EU NGOs to boycott media events sponsored by fossil fuel firms

Sixteen European civil society organizations said Thursday they would no longer attend media events sponsored by fossil fuel companies and hosted by POLITICO Europe, the Financial Times or Euractiv.

The fossil fuel industry is “buying a platform to gain credibility and undue influence” through such sponsorships, the organizations wrote in a joint letter to the media organizations.

POLITICO regularly hosts events on EU policy, and some have been sponsored by firms such as oil giant Shell. 

The NGOs — which include Corporate Europe Observatory, the European Federation of Public Service Unions, Greenpeace and Transport & Environment, among others — are calling on the three media outlets to drop fossil fuel firms as sponsors. 

But they are also lobbying policymakers not to attend events sponsored by such companies, said Lala Hakuma Dadci of Fossil Free Politics, a coalition of campaign groups that coordinated the statement. 

“We call on media to stop this practice — but also on policymakers not to participate when invited,” she said. “As the fossil fuel industry is responsible for a large part of the climate crisis, they don’t have any space in today’s debate. It’s a conflict of interest.” 

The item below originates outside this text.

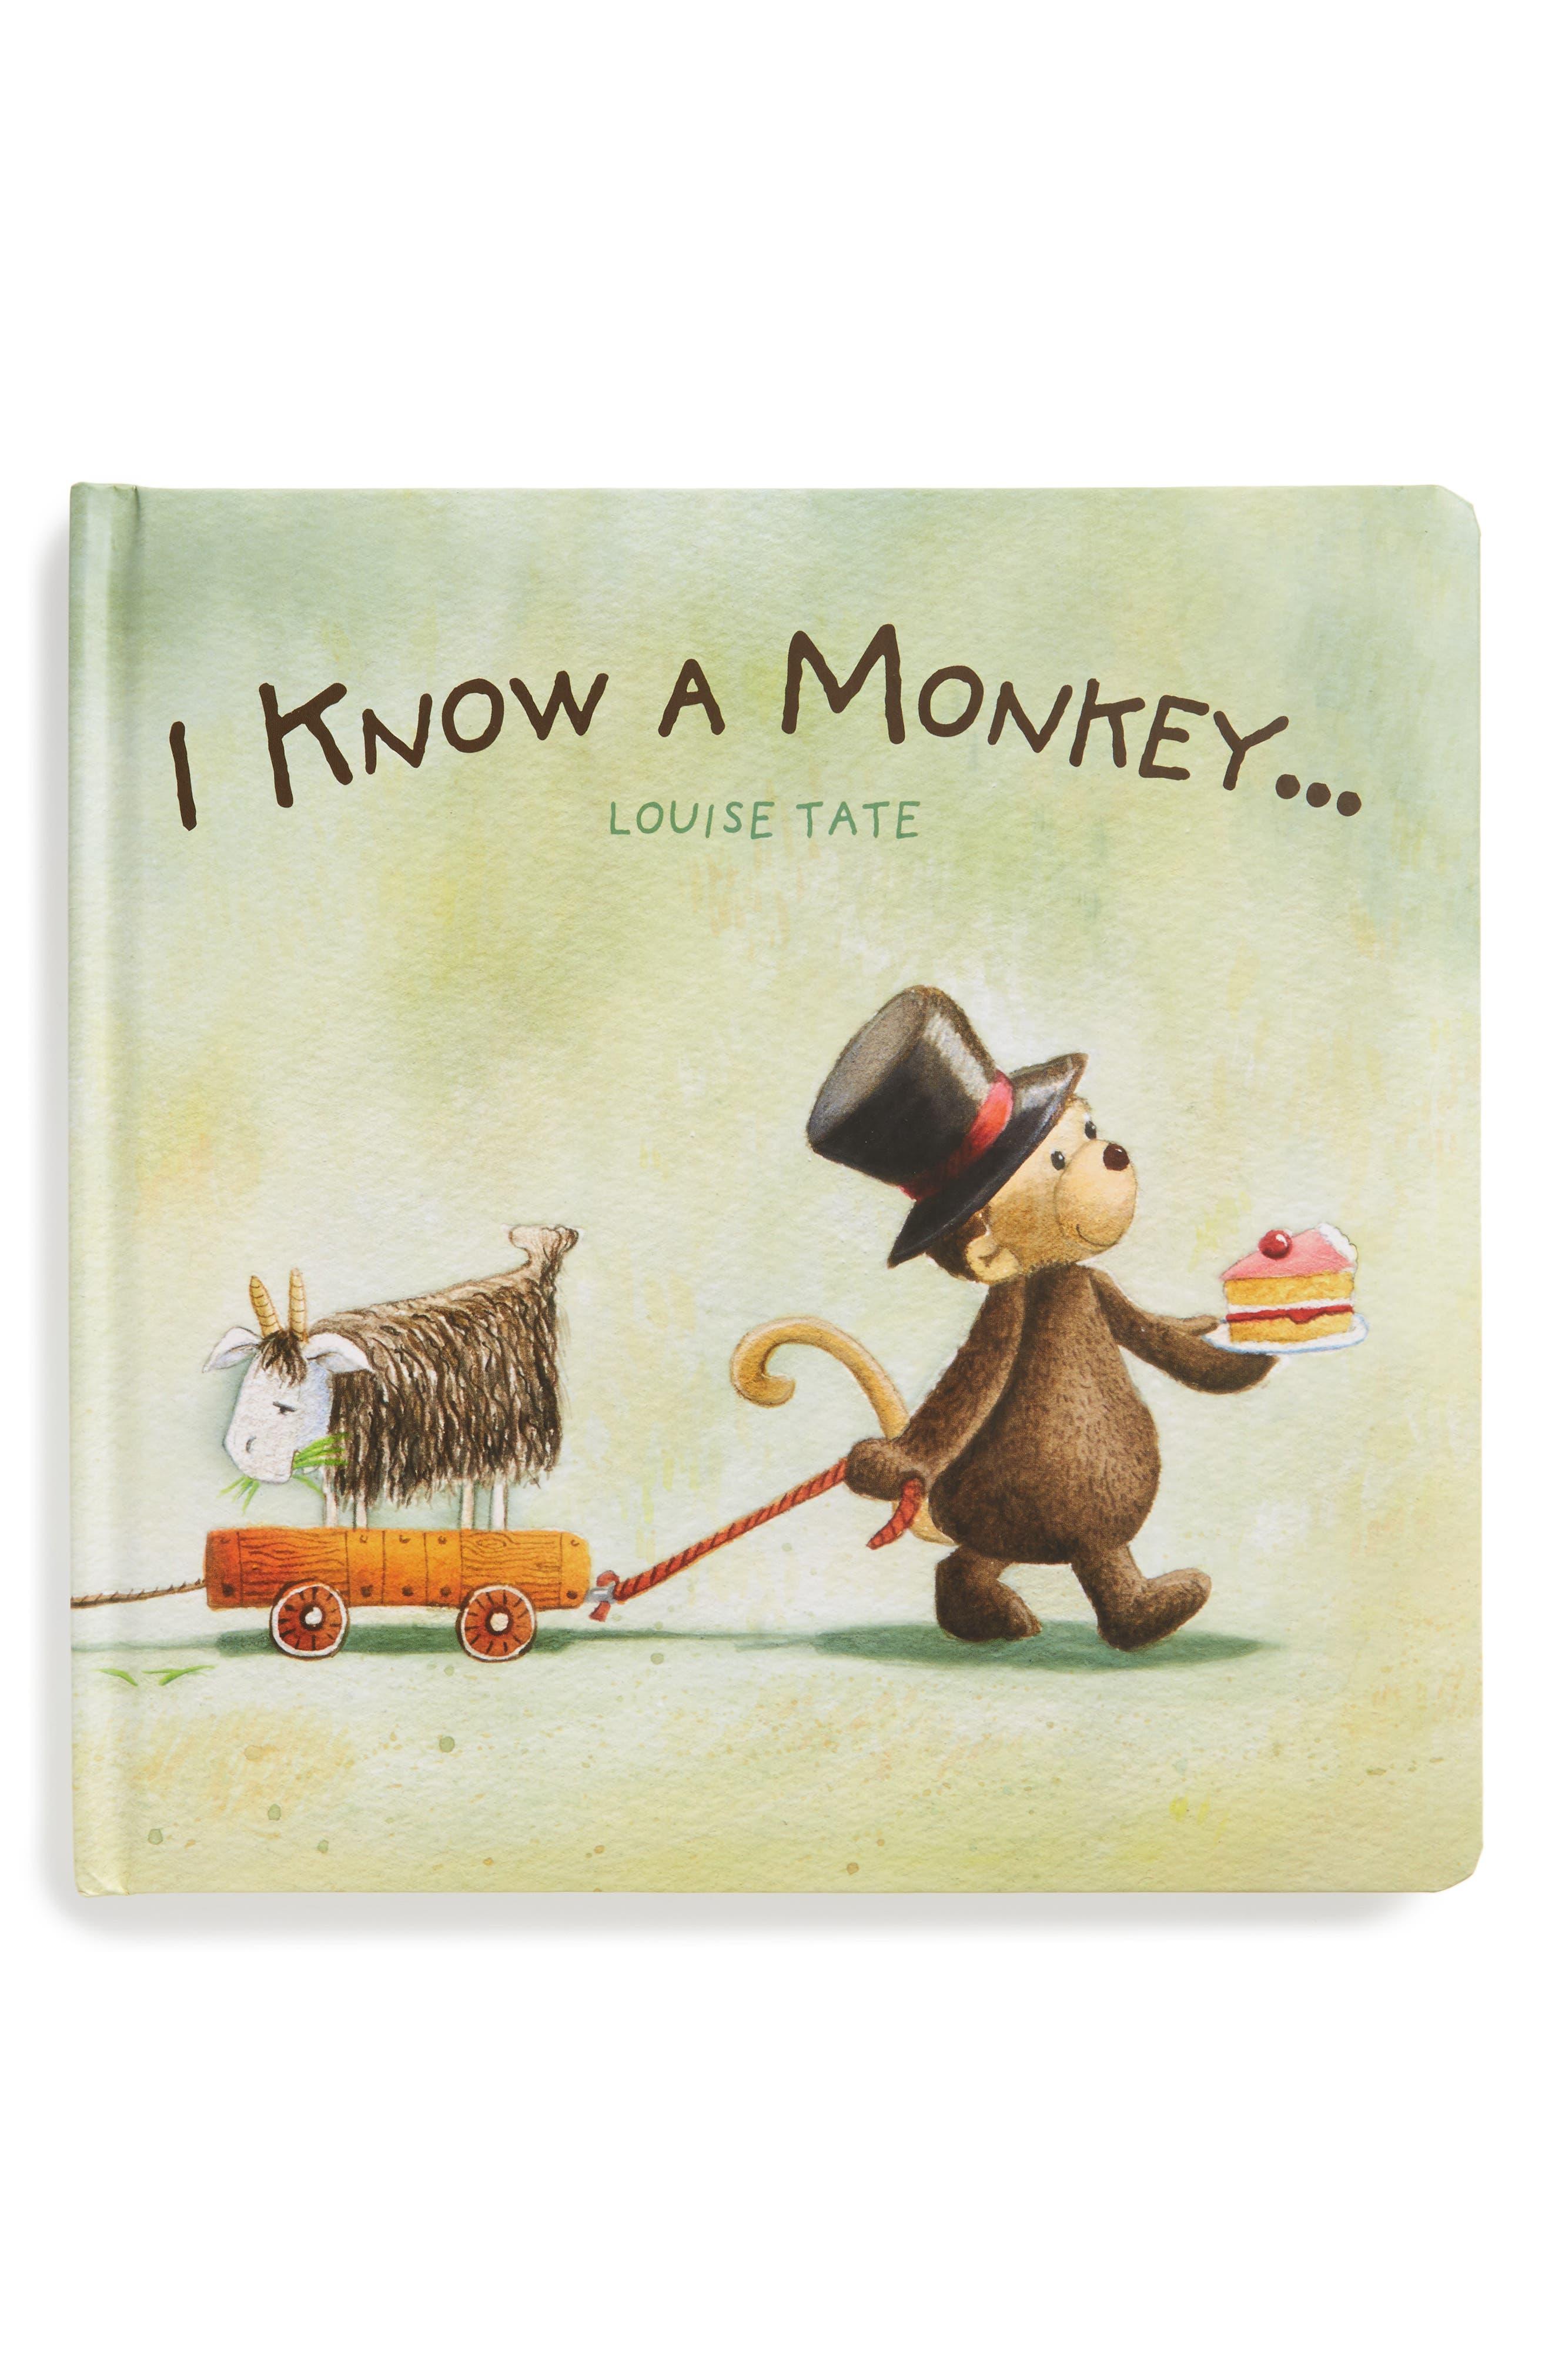 'I Know a Monkey' Board Book,                             Main thumbnail 1, color,                             NO COLOR

The three outlets named in the letter, she added, were chosen because they had recently hosted events related to EU climate or energy policy, sponsored by fossil fuel companies. 

Pascoe Sabido, a campaigner at Corporate Europe Observatory, said the letter was part of a broader effort to construct a “firewall” between EU policymakers and the fossil fuel industry, given what he called the “irreconcilable conflict of interest.” 

The NGOs’ complaint is not about the content being produced by the media outlets, Sabido added. “It’s about who can afford a voice. The fossil fuel industry is buying itself a voice, buying itself legitimacy — we need to take that away if we want to tackle the climate crisis.” 

German Green MEP Reinhard Bütikofer said he was not aware of having previously attended any events funded by fossil fuel firms. “But if such sponsorship has actually occurred at POLITICO, I will specifically ask about it in the future. And cancel if necessary.”

A spokesperson for POLITICO Europe stressed that event sponsors have no influence on the organization’s editorial content and that “the objectivity, independence and integrity applied to our coverage … also apply to our POLITICO Live events.” 

They added that the company is “neither judge nor jury” on policy debates and does not endorse “causes or entities.”

The NGOs’ decision not to participate in events is “their prerogative,” the spokesperson said, but added that it was “a pity that they would choose not to represent their point of view” and expressed hope they would reconsider.

Euractiv and the Financial Times had not responded to requests for comment as of Wednesday evening. 

A spokesperson for Shell, which sponsors a series of energy policy events hosted by POLITICO Europe, said in response to the letter that the company “advocates for an enabling EU policy framework to accelerate the deployment of low carbon technologies needed to meet the EU’s climate targets,” and added that the event series “aims to provide a platform for dialogue on the EU’s transition to climate neutrality among all stakeholders.”

Scrutiny of news organizations’ fossil fuel industry-linked revenue has been growing both in Europe and the United States. 

Earlier this year, Corporate Europe Observatory and Global Witness decided to boycott a Financial Times event sponsored by Uniper, as the energy company was suing the Dutch government over the country’s planned coal phaseout. 

In the United States, campaigners are trying to pressure the New York Times to drop fossil fuel advertising. 

A handful of news outlets, like the Guardian, have decided to no longer accept money from fossil fuel firms.